Hodges-Lehmann Ratio Estimator vs. Bhattacharyya's Scale Ratio Estimator

Date Tags

Previously, I discussed an idea of a ratio estimator based on the Hodges-Lehmann estimator. This idea looks so simple and natural that I was sure that it must have already been proposed and studied. However, when I started to search for it, it turned out that it was not as easy as I expected. Moreover, some papers attribute this idea to Bhattacharyya, which is not accurate. In this post, we discuss the difference between these two approaches.

The Hodges-Lehmann ratio estimator

For two samples $\mathbf{x} = ( x_1, x_2, \ldots, x_n )$ and $\mathbf{y} = ( y_1, y_2, \ldots, y_m )$, the classic Hodges-Lehmann location shift estimator $\operatorname{HL}$ is defined as follows:

$$ \operatorname{HL}(\mathbf{x}, \mathbf{y}) = \underset{1 \leq i \leq n,\,\, 1 \leq j \leq m}{\operatorname{median}} \left(x_i - y_j \right). $$

It seems natural to extend this idea and estimate the ratio between two samples as the median of the ratios of their elements. We call this approach the Hodges-Lehmann ratio estimator $\operatorname{HLR}$:

$$ \operatorname{HLR}(\mathbf{x}, \mathbf{y}) = \underset{1 \leq i \leq n,\,\, 1 \leq j \leq m}{\operatorname{median}} \left(x_i / y_j \right). $$

This ratio estimator can also be obtained from the classic location shift estimator using the log transformation:

$$ \operatorname{HLR}(\mathbf{x}, \mathbf{y}) = \exp \bigl( \operatorname{HL}(\log \mathbf{x}, \log \mathbf{y}) \bigr). $$

This approach is applicable only for distribution with positive support. Therefore, we assume that $x_i, y_j > 0$. If the second distribution is a scaled version of the first one ($k\cdot Y = X$), the ratio estimator estimates the scale ratio factor $k$.

Bhattacharyya’s scale ratio estimator

In [bhattacharyya1977], a similar idea is considered. However, the paper investigates not the ratio of random variables but the ratio of their scale parameters. This approach is shift-invariant and, therefore, ignores the actual absolute values of the random variables. In Section 2, the author specifies an assumption of zero medians for both distributions:

$$ \operatorname{median}(X) = \operatorname{median}(Y) = 0. $$

Next, they introduce a definition of a relevant pair $(x_i, y_j)$. In each relevant pair, both $x_i$ and $y_j$ should be both positive or both negative.

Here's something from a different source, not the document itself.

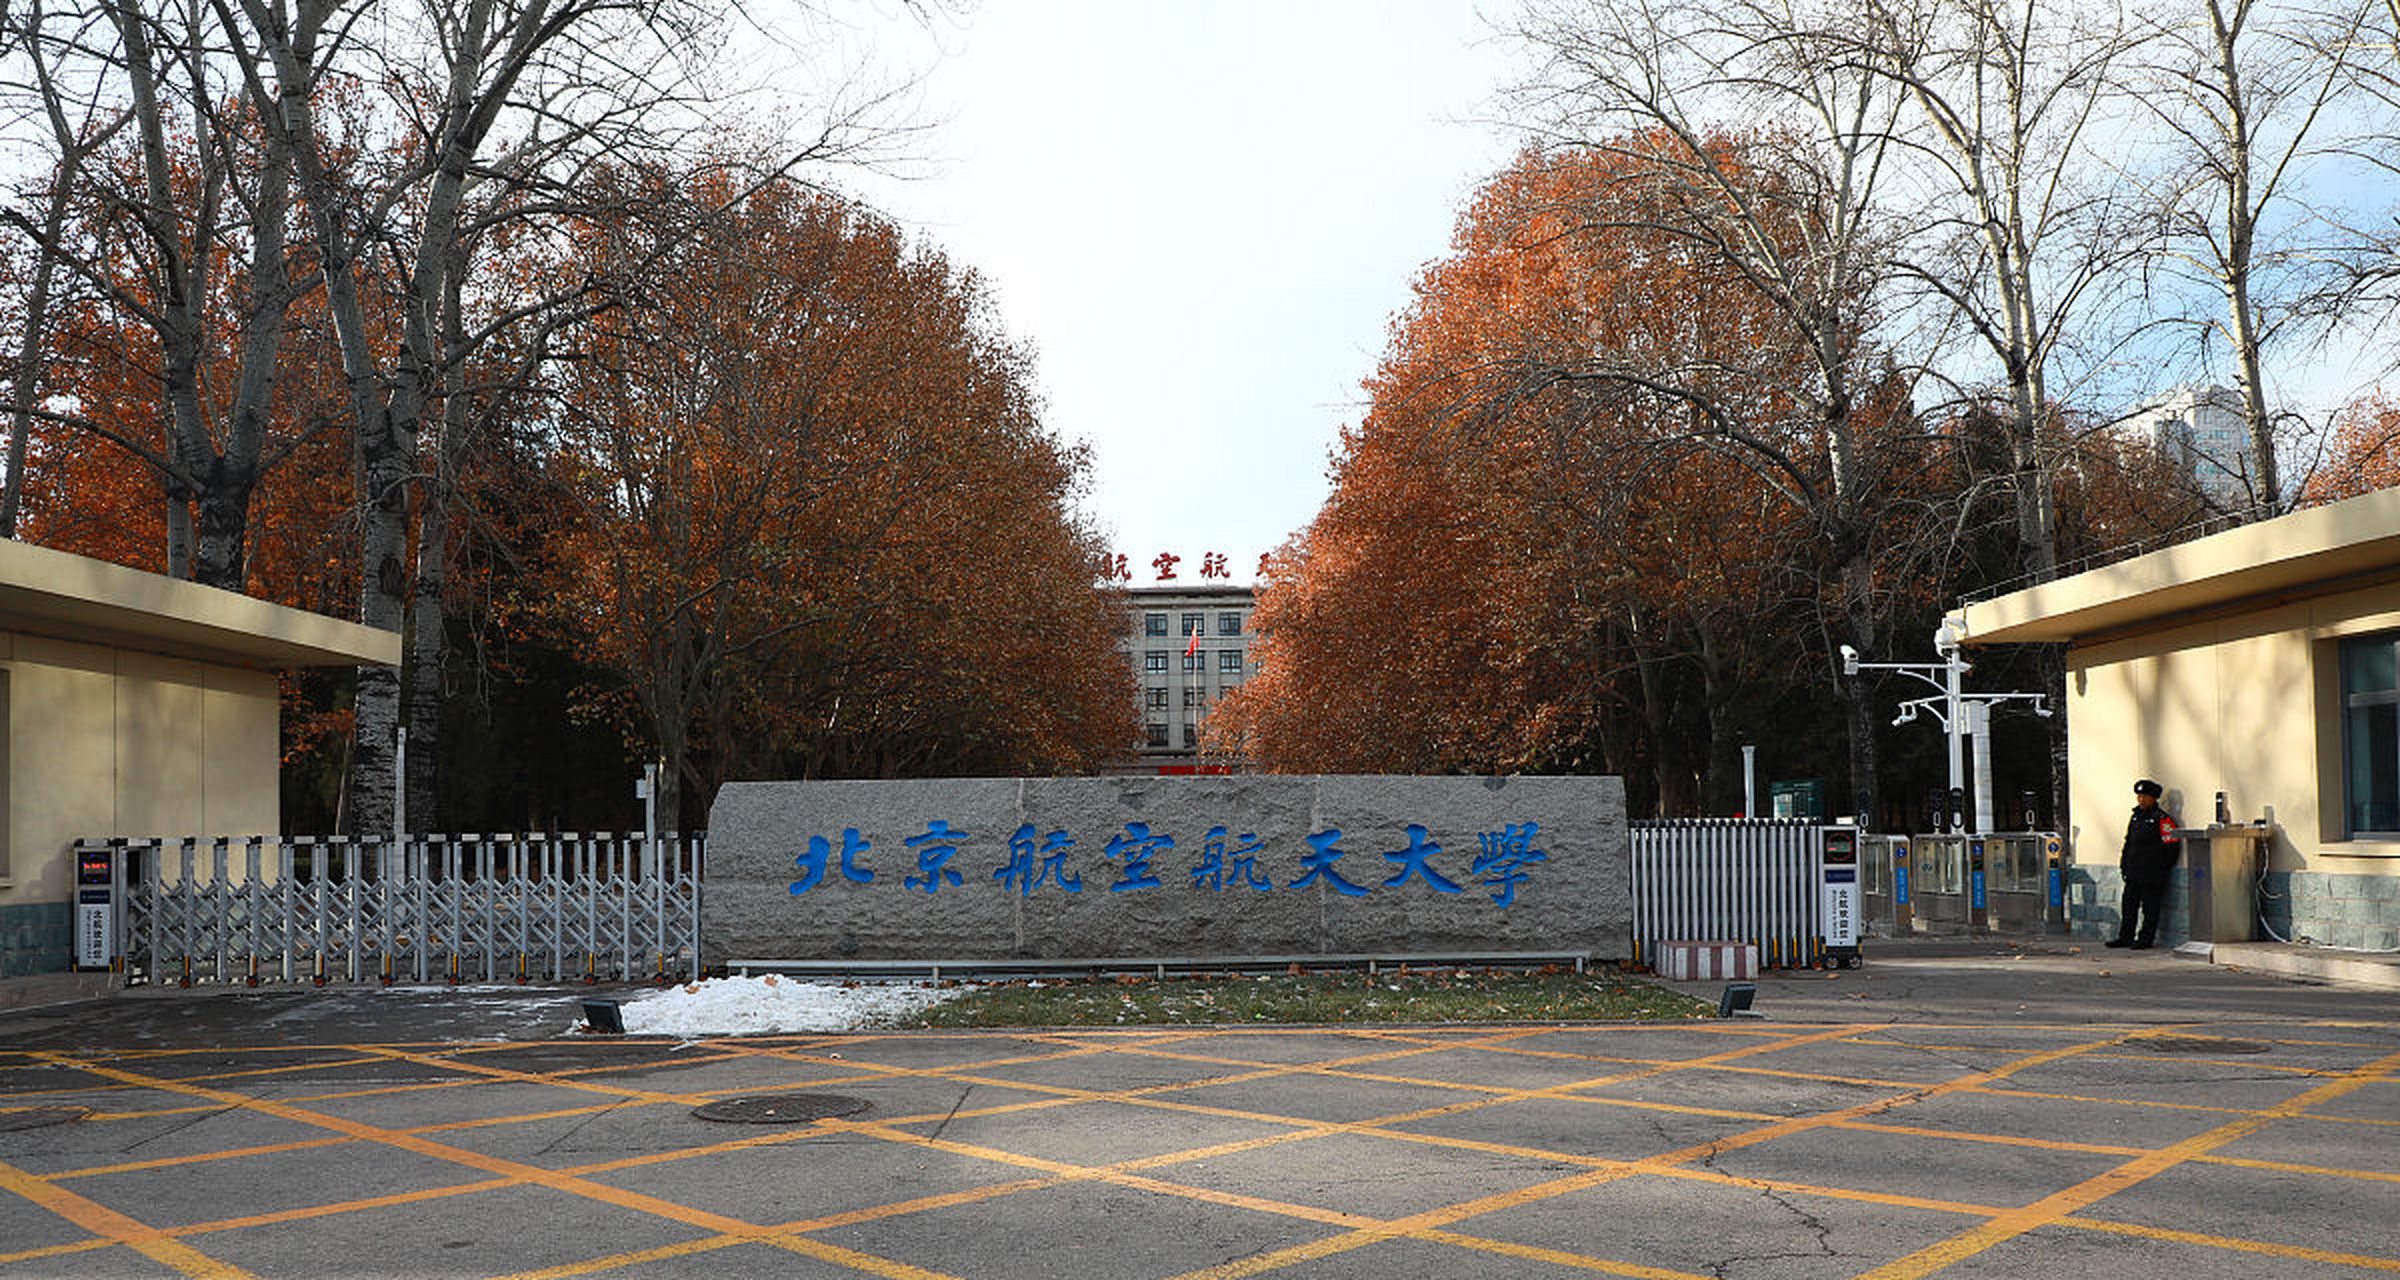 毕业即就业的 10 所大学: 一:北京航空航天大学 二:哈尔滨工业大学

Finally, they introduce estimator $\hat{\Delta}$ defined as the median of ratios among only relevant pairs:

$$ \hat{\Delta}(\mathbf{x}, \mathbf{y}) = \underset{\substack{1 \leq i \leq n,\,\, 1 \leq j \leq m, \\ x_i \cdot y_j > 0}}{\operatorname{median}} \left( \frac{x_i}{y_j} \right). $$

Conclusion

It is easy to see that $\operatorname{HLR} \neq \hat{\Delta}$ in the general case. While they can be consistent in the case of pure scale transform ($k\cdot Y = X$), they estimate different parameters. The Hodges-Lehmann ratio estimator estimates the ratio between variable values from two distributions, while Bhattacharyya’s scale ratio estimator estimates the ratio between the scale parameters of these distributions.

References

  • [Lehmann1963]
    Hodges, J. L., and E. L. Lehmann. “Estimates of Location Based on Rank Tests.” The Annals of Mathematical Statistics 34, no. 2 (June 1963): 598–611.
    DOI: 10.1214/aoms/1177704172
  • [Bhattacharyya1977]
    Bhattacharyya, Helen T. “Nonparametric Estimation of Ratio of Scale Parameters.” Journal of the American Statistical Association 72, no. 358 (June 1977): 459–63.
    DOI: 10.1080/01621459.1977.10481021
  • [Padgett1982]
    Padgett, W. J., and L. J. Wei. “Estimation of the Ratio of Scale Parameters in the Two Sample Problem with Arbitrary Right Censorship.” Biometrika 69, no. 1 (1982): 252–56.
    DOI: 10.1093/biomet/69.1.252
  • [Price1996]
    Price, Robert Martin Jr. “Estimating the Ratio of Medians: Theory and Applications.” University of Wyoming, 1996.